The one with the Roaches

One of the things I hate the most are roaches. Any kind really. I just hate them. Call me a cry baby but I cry and scream at the top of my lungs at the sight of a roach. I’d ask the nearest person to me to kill it for me and take it away from me.

Always.

But as always, things change. LOL

I will mark February 13, 2018 as the day when I was able to kill the most roaches by myself. 6 in fact.

Yes. I will share this account with you only because I want to.

I live in a condo with my best friend. He is a neat freak. Sort of. So whenever our place was on the brink of stinky filthy, we stayed home and cleaned it together, thoroughly. So, there were seldom times when we encountered roaches running around. Which was a good thing. Really. I thank God for that.

But of all the places I’ve stayed in, this latest condo gave me the biggest scare of my life.
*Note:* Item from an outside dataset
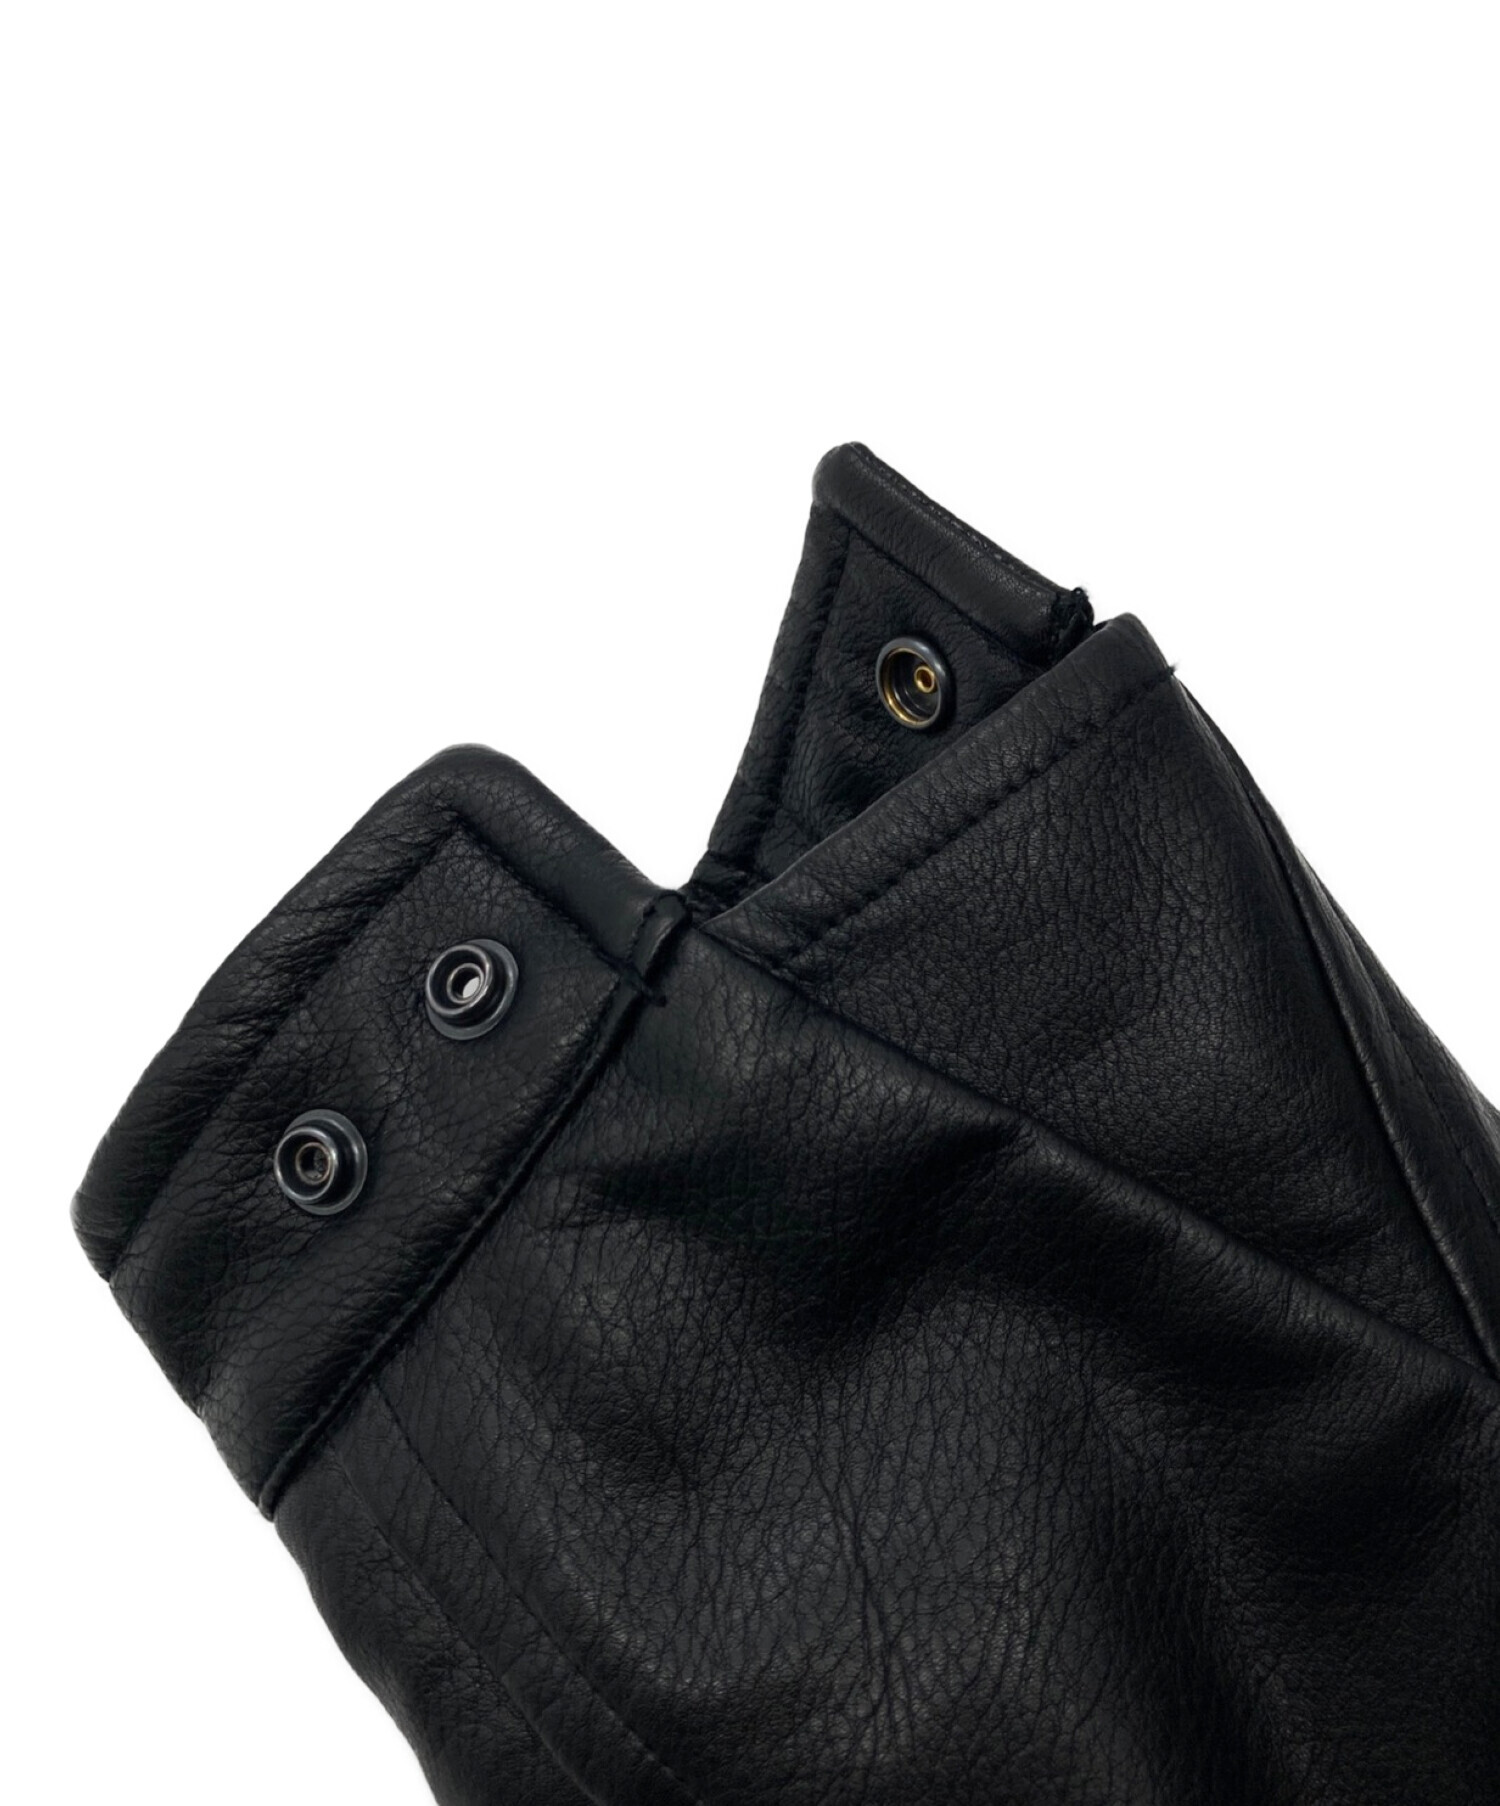 NAUTICA (ノーティカ) Vegan Leather Jacket ブラック サイズ:XL

In this condo, I was able to face my fear and kill a bunch of those disgusting roaches alone.

It all started after I came home from a very long meeting. No one was there but me. So I decided to settle down and dress up to work out for once. I took my workout clothes and went inside the bathroom to change. As I was undressing, I spot a slim pair of antennas just moving inside the roll of tissue paper by the sink and because of my instinct I hit it enough for Roach number 1 to crawl out.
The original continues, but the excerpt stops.